After his arrest (in July 1972) Popov began to give detailed testimony.
♦
At his trial Popov pleaded guilty on all counts and stated that he repented of what he had done.
The witnesses who testified at the trial were G. Banova, V. Vetkovsky, Smirnov, Yu. Melnik and K. Lyubarsky. The court heard a reading of a deposition by Pogosbekov (who could not appear in court as he was serving in the army), a former student at Kharkov University whom Popov had met in Kharkov and Baku. During the pre-trial investigation he had confirmed the allegation of Popov’s circulation of samizdat literature. His deposition abounded in revelations of Popov’s activity and views as having an anti-Soviet tendency. As early as 1970 Pogosbekov had informed the KGB of Popov’s anti-Soviet activities. Popov confirmed without reservation Pogosbekov’s deposition.
During the questioning Popov reproached the witnesses Vetkovsky, Smirnov, Melnik and Lyubarsky for insincerity. He accused Lyubarsky of having tried to mislead the investigators.

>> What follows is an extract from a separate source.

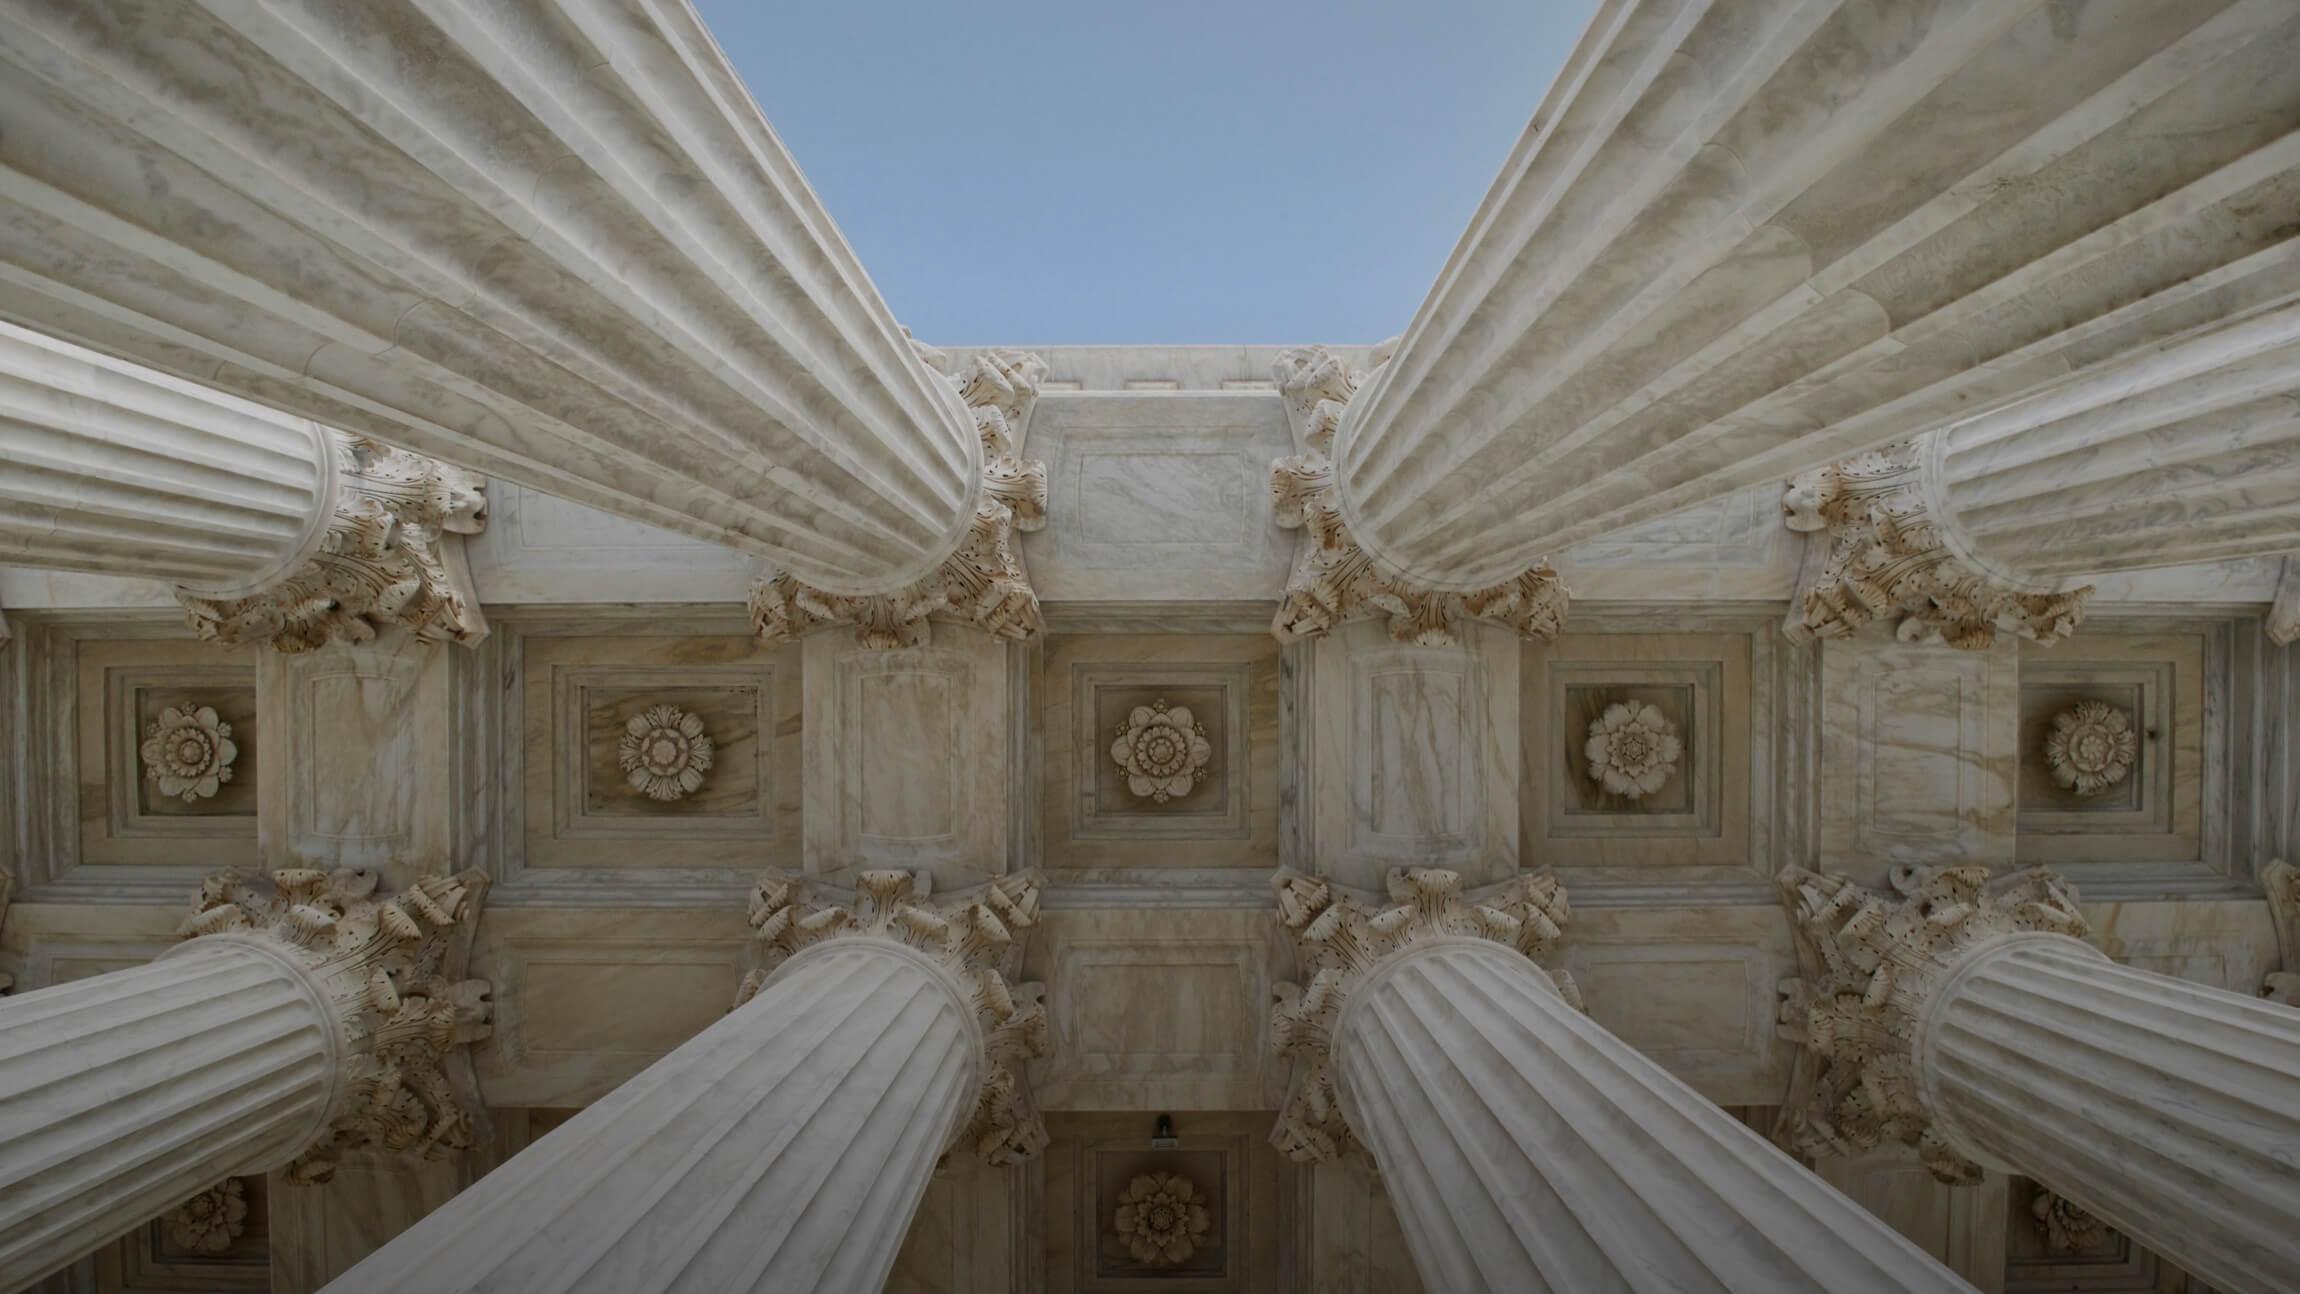 Photo of the pillars at the Supreme Court of the United States

In particular, Lyubarsky had stated that Popov had received a special issue of Posev from him, whereas Popov maintained that he had received it from Shikhanovich.
Supplementing his testimony, Popov stressed the role of Lyubarsky in the formation of his own views. He declared that now he realized their anti-Soviet, subversive character. Popov once again emphasized that he had received Posev from Shikhanovich and not from Lyubarsky.
The procurator, supporting the indictment, nonetheless asked that the defendant be sentenced to three years deprivation of freedom, to be suspended “in view of his complete repentance”. Defence counsel, agreeing with the prosecution, asked for a suspended sentence.
In his final plea Popov promised not only to break with samizdat activity but to do all he could to counter such activity among the young people he knew. Moreover, he indicated to the court the necessity of taking strict measures against Lyubarsky, Shikhanovich and Orlovsky as they had exercised an influence on young people. Popov called on witnesses Vetkovsky and Smirnov to change their views, “otherwise; a severe fate will be in store for them”.
The court found Popov guilty of committing a crime under Article 70 of the RSFSR Criminal Code. The text of the verdict noted as an established fact that Popov had received Posev from Shikhanovich. A copy of the Chronicle of Current Events was among the samizdat material incriminating Popov and mentioned in the verdict.
The court sentenced Popov to a three year suspended sentence with a probationary period of 5 years (in accordance with Article 44 of the RSFSR Criminal Code).
==========================
NOTES
[1] On Julius Telesin see CCE 7.13, item 13, and 8.12, item 8. See also his forward to P. Reddaway, Uncensored Russia (1972).
[2] Social Problems was a samizdat journal edited by Valery Chalidze and published in Moscow from 1969 to 1972. Various items from it were published in Dokumenty Komiteta prav cheloveka (Proceedings of the Moscow Human Rights Committee), International League for the Rights of Man (777 UN Plaza, New York, NY 100017), 1972.
[3] The full text of Kronid Lyubarsky’s final words in court was published (in Russian) in Almanakh samizdata, No 1, Amsterdam, 1974 (pp. 39-50).